Locating and Mitigating Gradient Conflicts in Point Cloud Domain Adaptation via Saliency Map Skewness
Jiaqi Tang, Yinsong Xu, Qingchao Chen
TL;DR
Point-cloud unsupervised domain adaptation often suffers from gradient conflicts between the supervised source task and self-supervised auxiliary tasks. The authors introduce SM-DSB, a saliency-map skewness-based data sampling block that implicitly estimates gradient conflicts without target labels and gates SSL contributions per sample within a two-step MTL framework. The method is lightweight and broadly compatible with mainstream point-cloud DA models, delivering consistent gains and state-of-the-art results on PointDA-10 when combined with Self-dist-GCN, along with insights from backpropagation analysis.
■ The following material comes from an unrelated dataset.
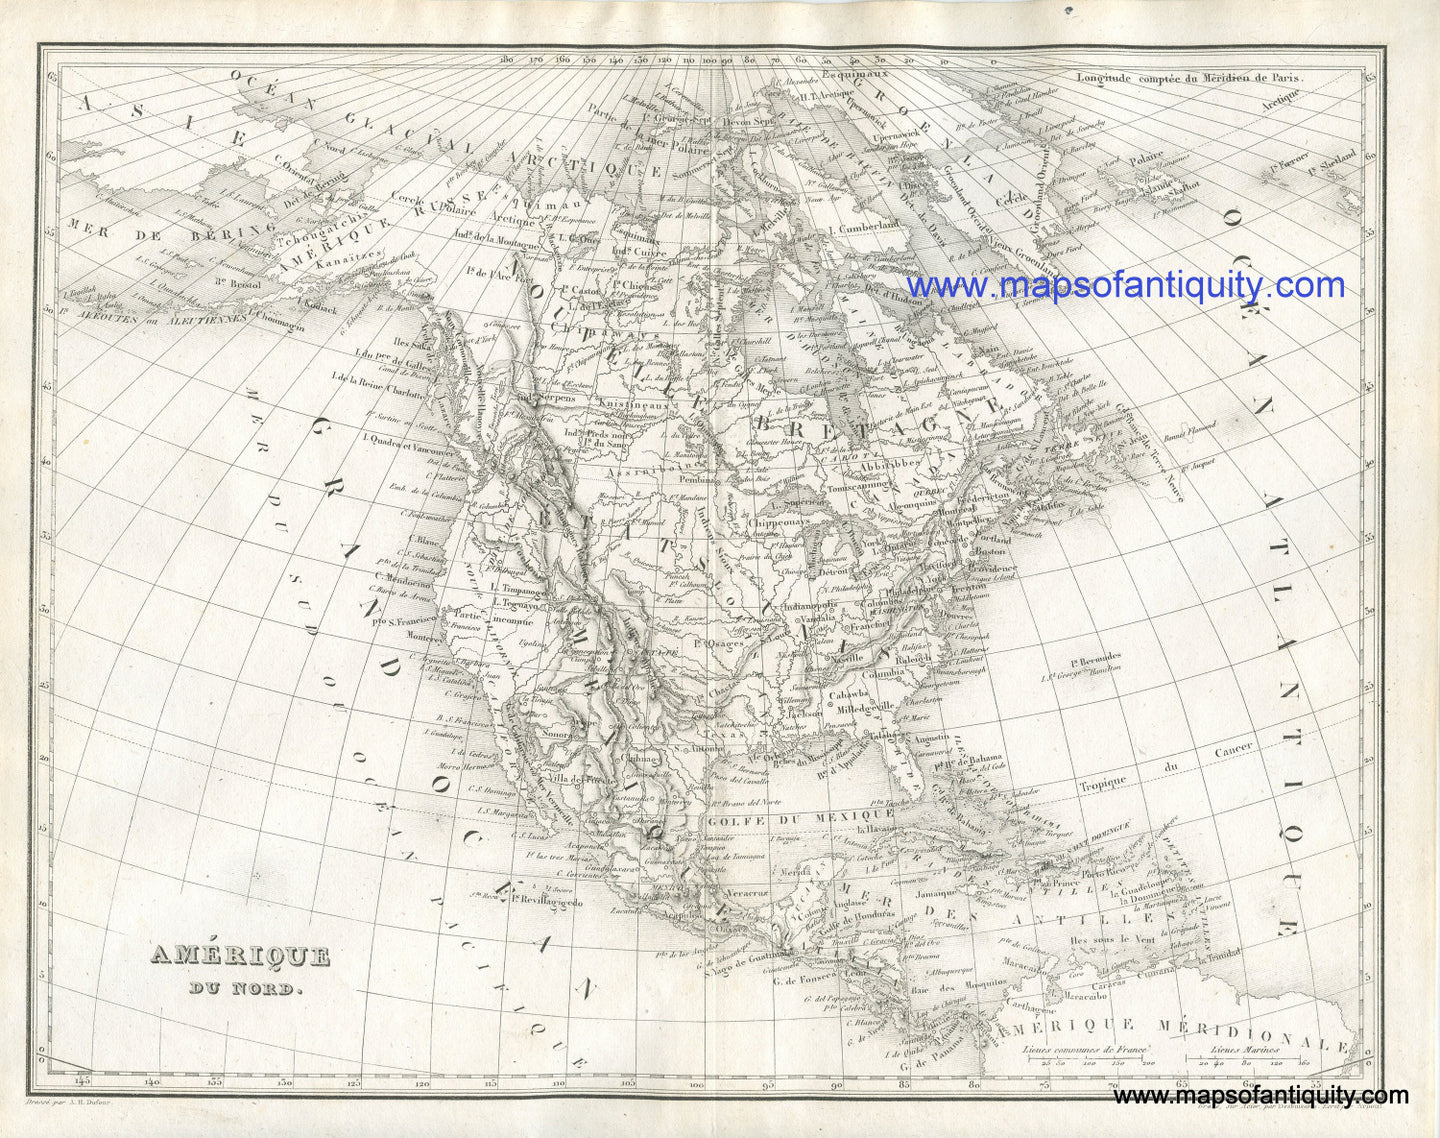 Antique-Black-and-White-Map--Amerique-du-Nord-North-America-North-America--1836-Dufour-Maps-Of-Antiquity

This work offers a practical mechanism to reduce negative transfer and advances understanding of gradient dynamics in cross-domain learning.
Abstract
Object classification models utilizing point cloud data are fundamental for 3D media understanding, yet they often struggle with unseen or out-of-distribution (OOD) scenarios. Existing point cloud unsupervised domain adaptation (UDA) methods typically employ a multi-task learning (MTL) framework that combines primary classification tasks with auxiliary self-supervision tasks to bridge the gap between cross-domain feature distributions. However, our further experiments demonstrate that not all gradients from self-supervision tasks are beneficial and some may negatively impact the classification performance. In this paper, we propose a novel solution, termed Saliency Map-based Data Sampling Block (SM-DSB), to mitigate these gradient conflicts. Specifically, our method designs a new scoring mechanism based on the skewness of 3D saliency maps to estimate gradient conflicts without requiring target labels. Leveraging this, we develop a sample selection strategy that dynamically filters out samples whose self-supervision gradients are not beneficial for the classification. Our approach is scalable, introducing modest computational overhead, and can be integrated into all the point cloud UDA MTL frameworks. Extensive evaluations demonstrate that our method outperforms state-of-the-art approaches. In addition, we provide a new perspective on understanding the UDA problem through back-propagation analysis.